Consider the evaluation of
$$
\lim_{n \to \infty} \mathbb{P}\left(\frac{1}{\sqrt{n}} \sum_{i=1}^n X_i \leq \sqrt{n}\right)
$$
This expression has to be manipulated since, as is, both sides of the inequality event tend to infinity.
A) TRY SUBTRACTION
Before considering the limiting statement, subtract $\sqrt{n}$ from both sides:
$$\lim_{n \to \infty} \mathbb{P}\left(\frac{1}{\sqrt{n}} \sum_{i=1}^n X_i -\sqrt{n} \leq \sqrt{n}-\sqrt{n} \right) = \lim_{n \to \infty} \mathbb{P}\left(\frac{1}{\sqrt{n}} \sum_{i=1}^n (X_i – 1) \leq 0\right) \\
= \Phi(0) = \frac{1}{2}$$
the last equality by the CLT, where $\Phi()$ is the standard normal distribution function.
B) TRY MULTIPLICATION
Multiply both sides by $1/\sqrt{n}$
$$\lim_{n \to \infty} \mathbb{P}\left(\frac {1}{\sqrt{n}}\cdot \frac{1}{\sqrt{n}} \sum_{i=1}^n X_i \leq \frac {1}{\sqrt{n}}\cdot\sqrt{n} \right) = \lim_{n \to \infty} \mathbb{P}\left(\frac{1}{n} \sum_{i=1}^n X_i \leq 1\right) $$
$$= \lim_{n \to \infty} \mathbb{P}\left(\bar X_n \leq 1\right) = \lim_{n \to \infty}F_{\bar X_n}(1) = 1$$
where $F_{\bar X_n}()$ is the distribution function of the sample mean $\bar X_n$, which by the LLN converges in probability (and so also in distribution) to the constant $1$, hence the last equality.

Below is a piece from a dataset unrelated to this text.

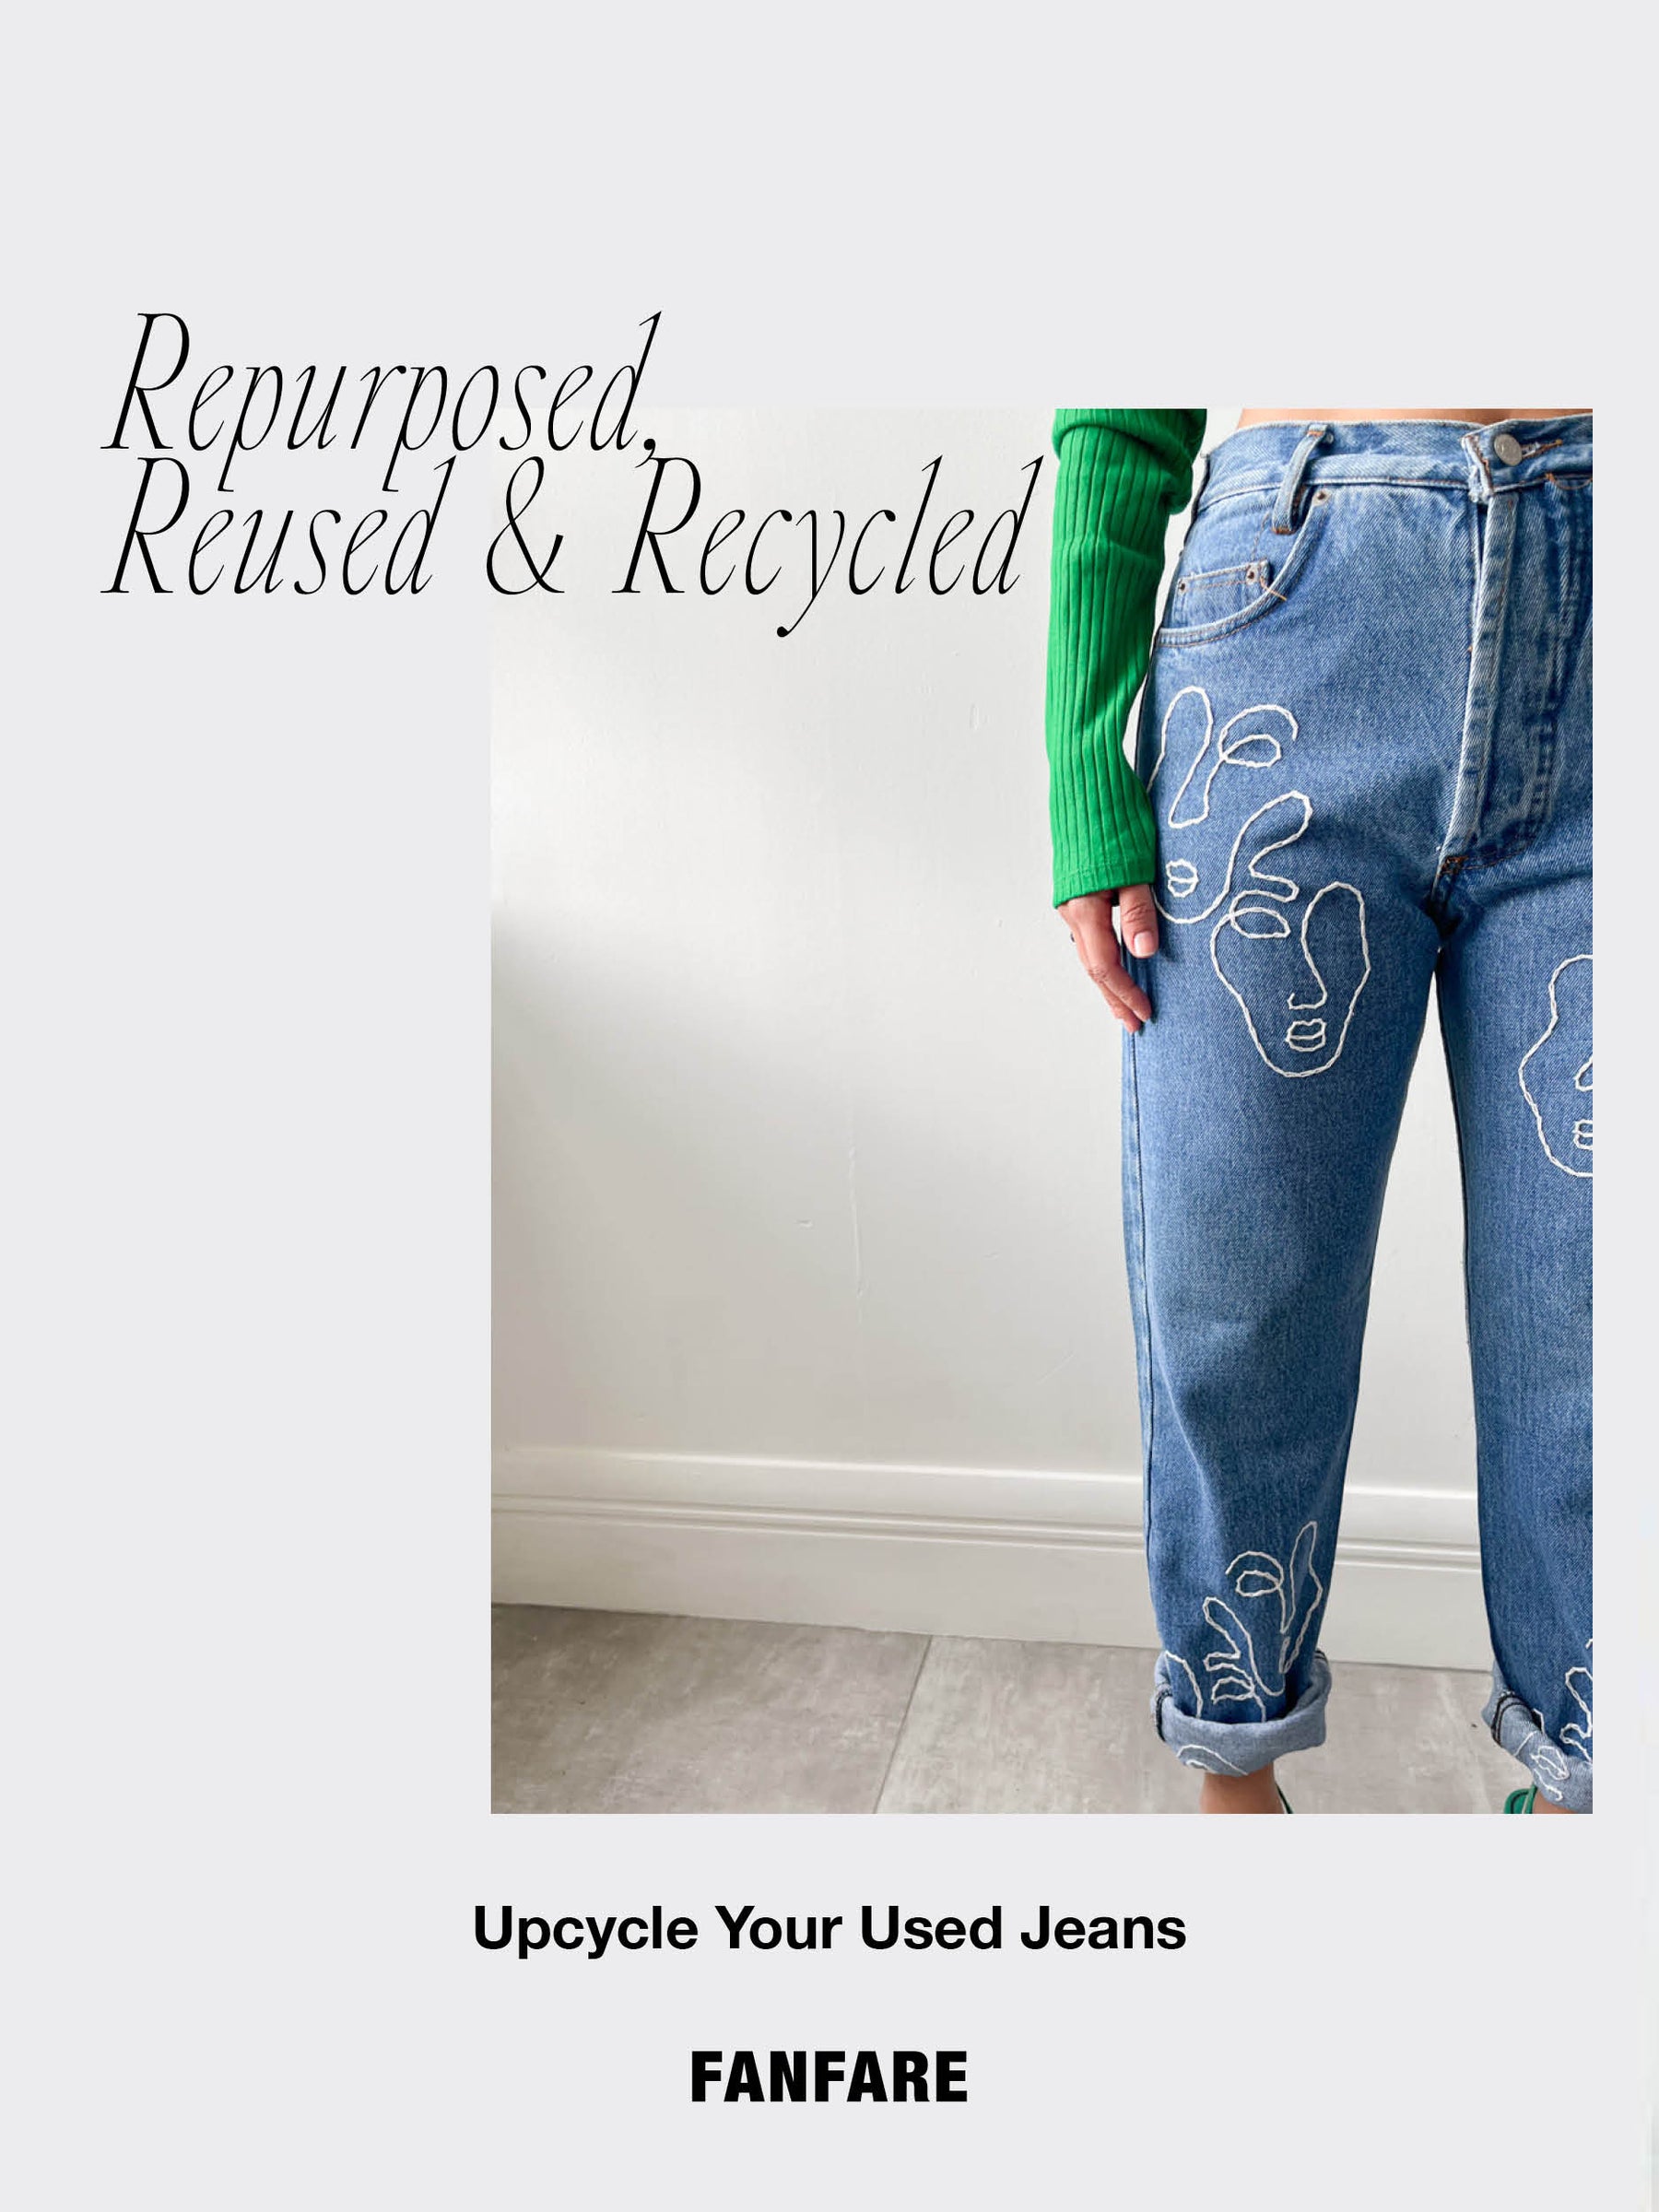 Send us your worn-out jeans and we’ll repair and upcycled them to give them a second chance in your wardrobe. We can embroider any pattern, any writing, or even paint artwork directly onto the jeans to create a style that is completely unique to you. Produced by Fanfare Label, a contemporary sustainable womenswear brand.

So we get conflicting results.
Which is the right one? And why the other is wrong?
Best Answer
The error here is likely in the following fact: convergence in distribution implicitly assumes that $F_n(x)$ converges to $F(x)$ at points of continuity of $F(x)$. As the limit distribution is of a constant random variable, it has a jump discontinuity at $x=1$, hence it is incorrect to conclude that the CDF converges to $F(x)=1$.